Charity Majors 21:06 And I mean, there are risks on the other side too. If you if you overemphasize operating stuff, then you can, you know but they're one not ones that are as common, you know? And so like you really do need you need a balance. And and the problem is that when you try to codify something that is as nuanced as this, it always comes a lot of it will always come down to individual judgment, which makes it fragile
Charity Majors 21:32 as a system in a different way and in a way that business types really are less comfortable with. Right? It's a lot they're more comfortable with being wrong, but like solidly wrong in a direction that's fairly predictable than with like you're being nuanced and well, you have to make sure that the people you hire are good. But I actually think that this is sort of related to why
Charity Majors 21:52 the expectations of engineering managers have really shot up in the past few years. I think there are a lot of reasons for this. There are a lot of different ways. You know, for a while, was like, well, engineering managers do the people problems and engineers do the technical problems, which does not work because you can't actually disentangle or distinguish them. Right? So like our expectations of managers and their technical abilities has escalated. Our expectation of managers and their ability to, like, create an emotionally safe environment.
Charity Majors 22:21 And, you know, they've escalated pretty rapidly. And I think that this is kind of part of it because we're just I think socio technical systems are extremely complex and that some of that complexity is irreducible.
Conor Bronsdon 22:37 As we rely on AI assisted tools, as we rely on AI agents and, you know, these other AI workflows to do different roles for us to automate different parts of what we're we're looking seeking to do.
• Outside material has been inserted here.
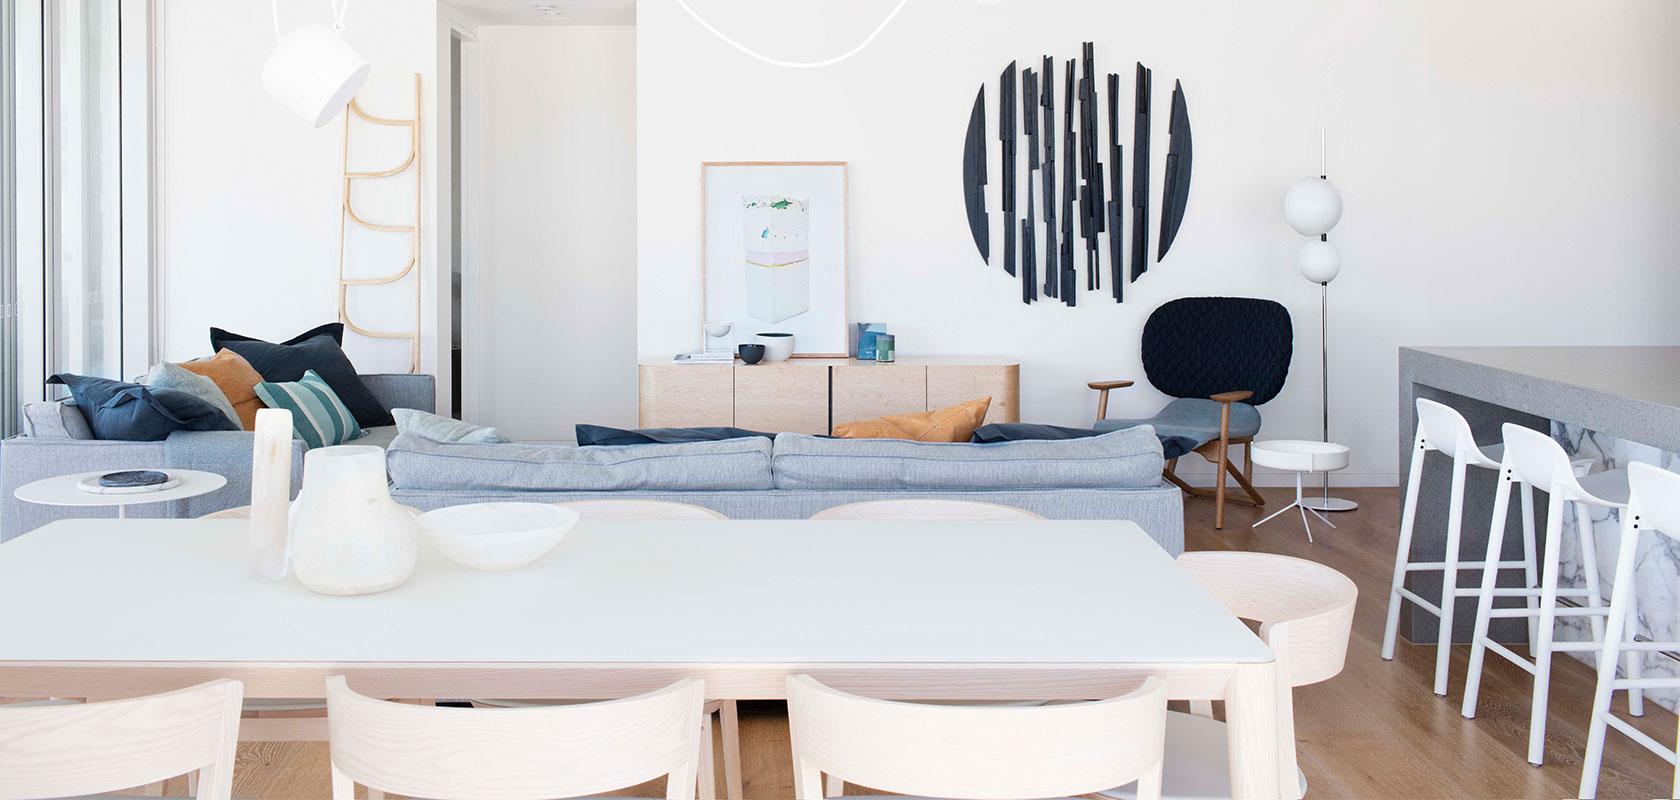 ... Smith table; Photographer: Francoise Baudet
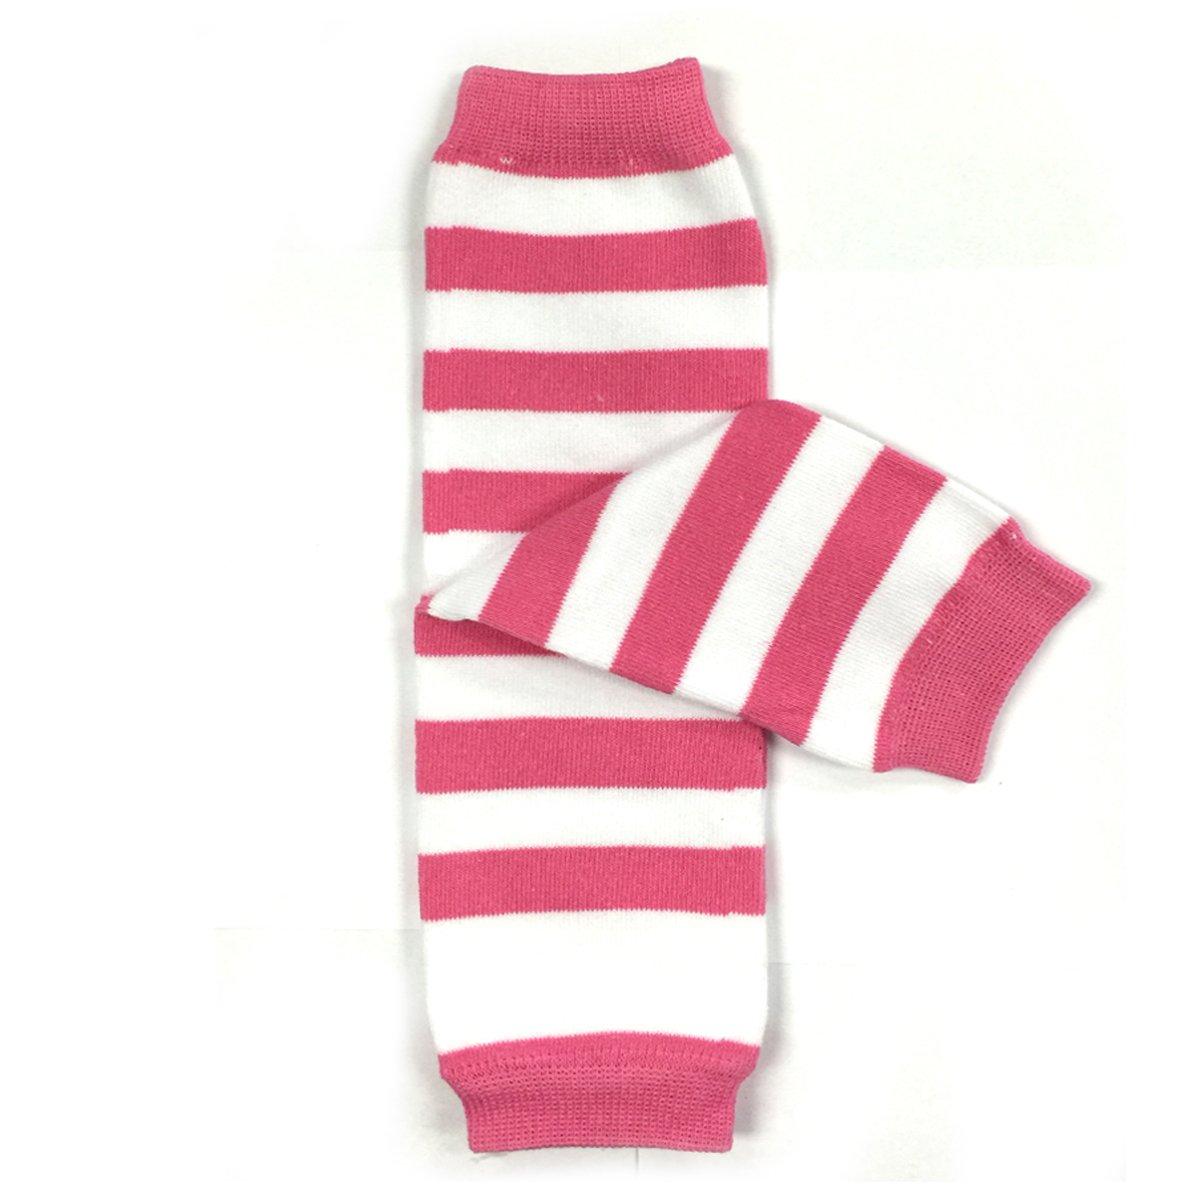 Bowbear Baby Stripes and Chevron Leg Warmers

We're abstracting ourselves away from some important aspects of of different key delivery points. And I've heard you mention this concept of the cognitive decay. Others have talked about this and the risk around this with overuse of AI tooling without structure around it. What do you view as the implications for the long term development of
Charity Majors 23:11 engineering of the discipline? Yeah, there's a lot of science around this that shows that, you know, if you move from doing the work to just supervising the work, your ability goes down, like your expertise decays. This is not like an inevitability, though. It's something that, again, this has been around as long as automation has been around. Right? And, you know, I'm writing this talk right now for SRECon later this week because SREs
Charity Majors 23:38 sit in this interest they're risk managers. Right? And my pitch to SREs is like, we, with our elevated awareness of risk at all times, we need to make sure that we are like good lawyers. We don't tell you no. We tell you how to get to yes. Right? We help you choose tools with workflows that will help make you a better engineer because it's bringing you along with it. Right? You can imagine like an SRE agent agentic AI thing that's like supposed to be your SRE.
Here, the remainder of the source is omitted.